Бердяев проводит мысль, что в его время к самому среднему христианству предъявляют несоизмеримо более высокие требования, — мол, верить по-настоящему может только ученый человек. Это заблуждение очень характерно для интеллигенции начала XX века, вера для многих из них предмет особой науки, которой простому человеку недоступен. Православное мироощущение через добротолюбие и соборность остается вне понимания многих российских интеллигентов.

БОСЯЦКАЯ КУЛЬТУРА

Русская интеллигенция перевернула понятие добра и зла. С се легкой руки нетрудовые босяцкие элементы общества стали героями, а настоящие труженики — реакционным элементом.

Праздношатающийся человек без ремесла и без дела, по-нашему, тунеядец, был для Руси явлением довольно редким. Такой человек мог жить либо на милостыню, либо воровством. Как закон, так и народное нравственное чувство сдавливало его со всех сторон, не давая развиваться. Поэтому на Руси таких лиц было сравнительно мало.

Но именно в этой нетрудовой и босяцкой среде рождалась и развивалась своя нетрудовая босяцкая «культура» со своим языком и фольклором и, естественно, неистребимым презрением к труду и народной морали.

Где-то в середине XIX века происходит в известном смысле сближение идеологии босячества и некоторой части российской интеллигенции, ибо те и другие стояли на основах отрицания народной культуры. Именно в этом сближении и сочетании родились большевистские воззрения на русский народ.

Впрочем, в формировании этих воззрений принял участие два сравнительно узких слоя российской интеллигенции, относящихся к «малому народу».

С одной стороны — слой людей, не знавших России, не понимавших ее богатейшей культуры, не чувствовавших родства с ней, видевших в ее истории только примеры своих национальных обид и утеснений. Причем любые ошибки царского правительства объяснялись представителями этого слоя отсталым характером русского народа его темнотой, дикостью и невежеством.
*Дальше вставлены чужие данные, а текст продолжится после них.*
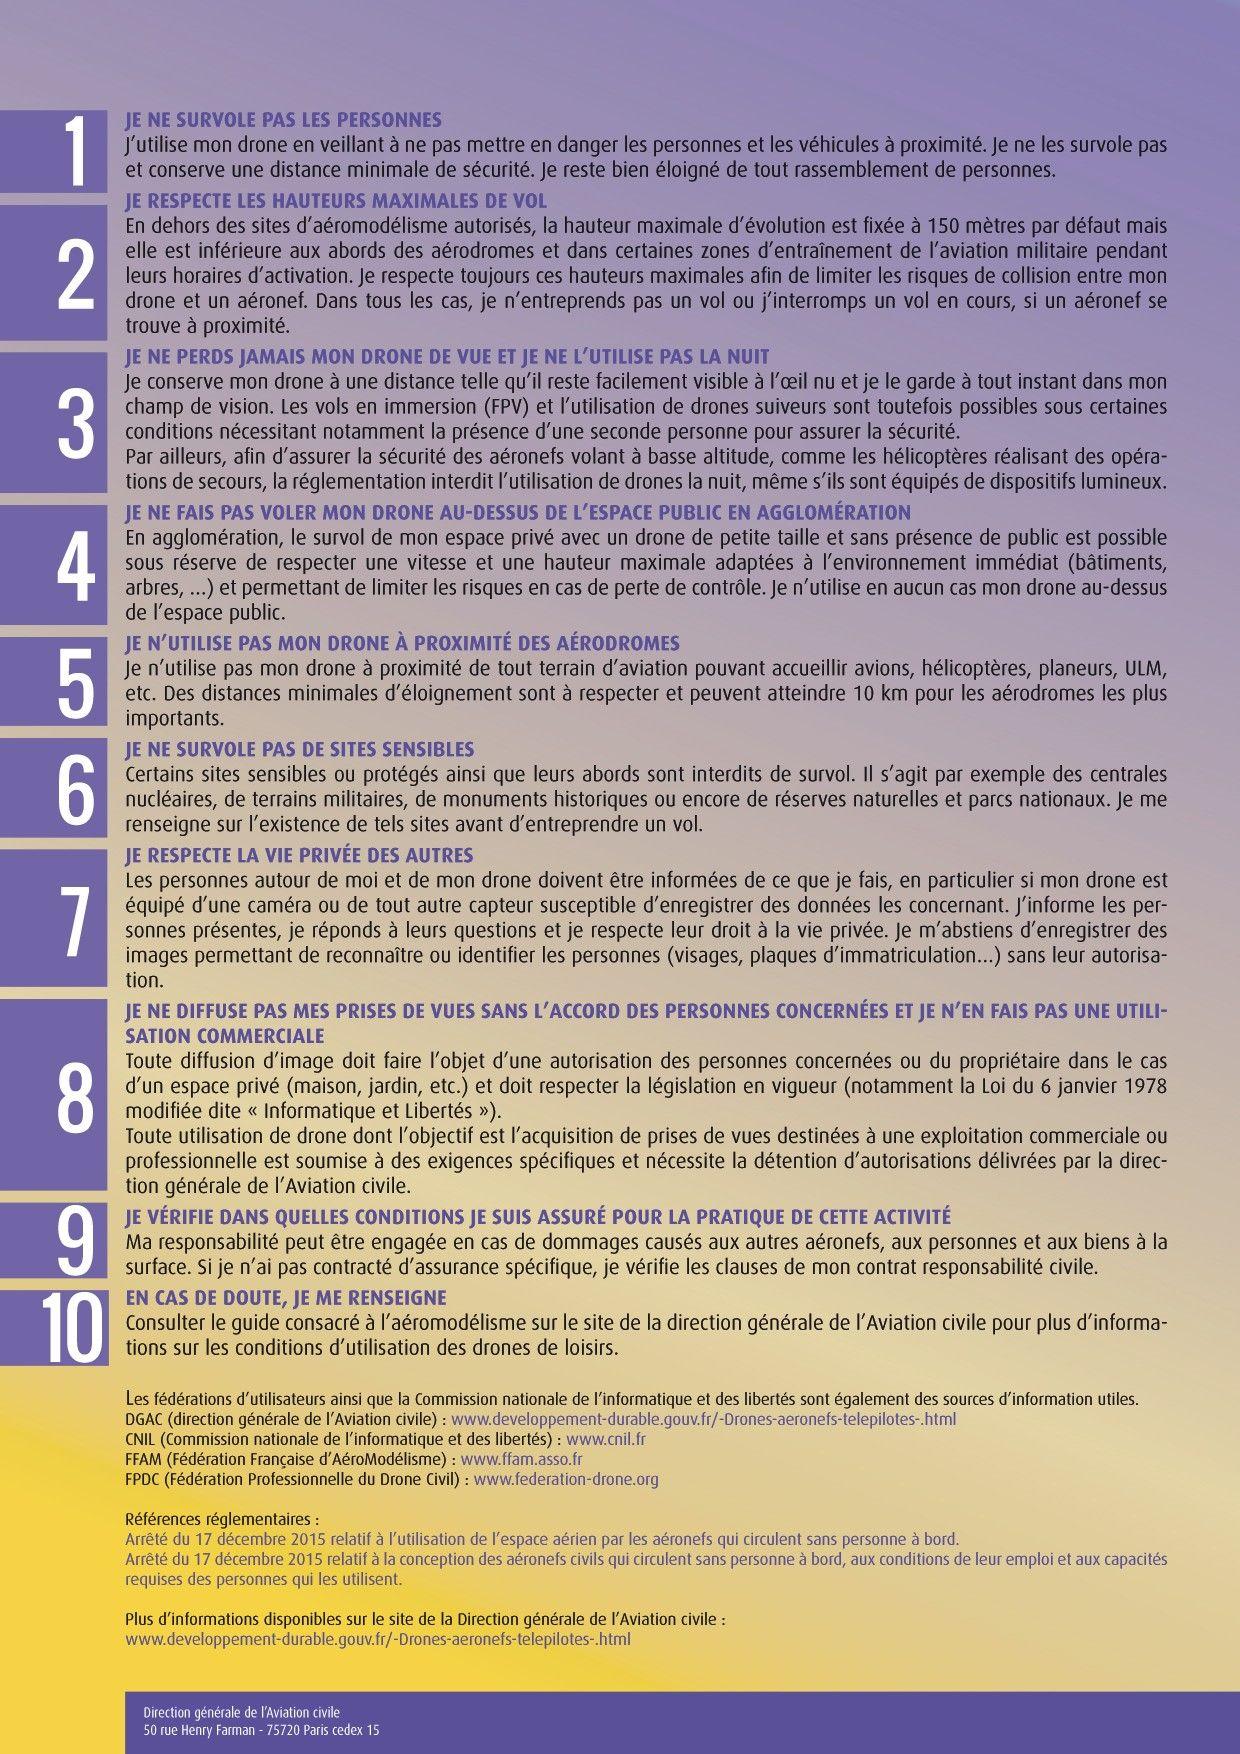 règles DGAC
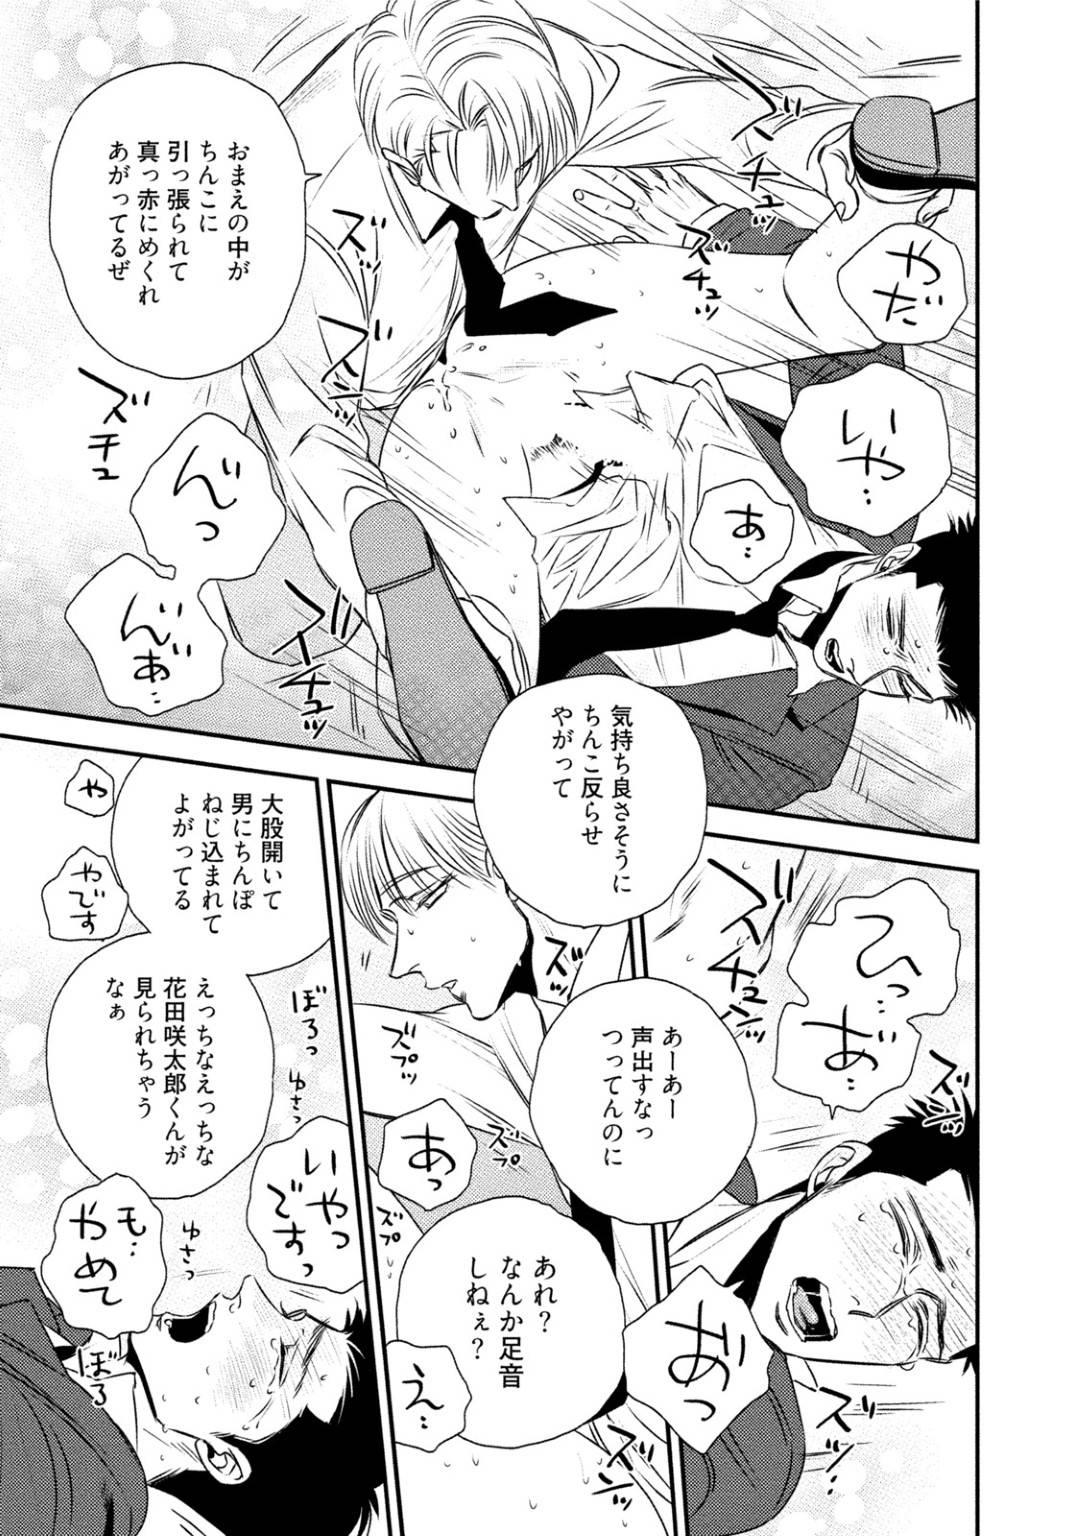 体育会系の花田…新しい会社に入社した花田は、ゆるい上司の蝶野に戸惑っていた。飲み会で気持ち悪くなった花田は、蝶野に指を入れられ吐かされると感じてしまう。潜在的ドM性癖を見抜かれた花田は、会社で蝶野に責められアナルセックス!

С другой — слой российских интеллигентов, сблизившихся с босяцкой нетрудовой средой, выражавши мировоззрение деклассированных элементов страны, по своему романтизируя паразитические элементы общества (босяков, обитателей хитровых рынков и даже уголовных преступников, видя в них жертву социальной системы).

В любой нации существуют паразитические элементы не желающие работать и постоянно противопоставляющие себя творческому большинству. Любая нация всегда сдерживает рост этих элементов, пресекая их развитие. У нас же произошло иначе. Разочаровавшись в трудящемся крестьянстве, не принявшем чужую социальную философию, разрушение родных святынь именем европейской цивилизации, многие российские социалисты начали делать ставку на те малочисленные слои населения, которые, по их мнению, были более отзывчивы на «революционную пропаганду». Да и идти к ним далеко было не надо. В любом кабаке или ночлежке можно было найти готовых «революционеров» (челкашей, обитателей хитровок, романтиков «дна»), всей своей жизнью отрицавших общественные устои. Именно с тех времен для определенной части российских социалистов деклассированные, и уголовные элементы стали «социально близкими». Именно им были созданы условия наивысшего благоприятствования, и именно они стали опорой большевистского уголовного режима на островах ГУЛАГа под тем же названием — «социально близких». Трудовой паразитизм деклассированных элементов воспринимался в подобной среде как героический социальный протест, нежелание работать как своего рода забастовка, пьяное прожигание жизни — жертвенность за какую-то неосознанную идею.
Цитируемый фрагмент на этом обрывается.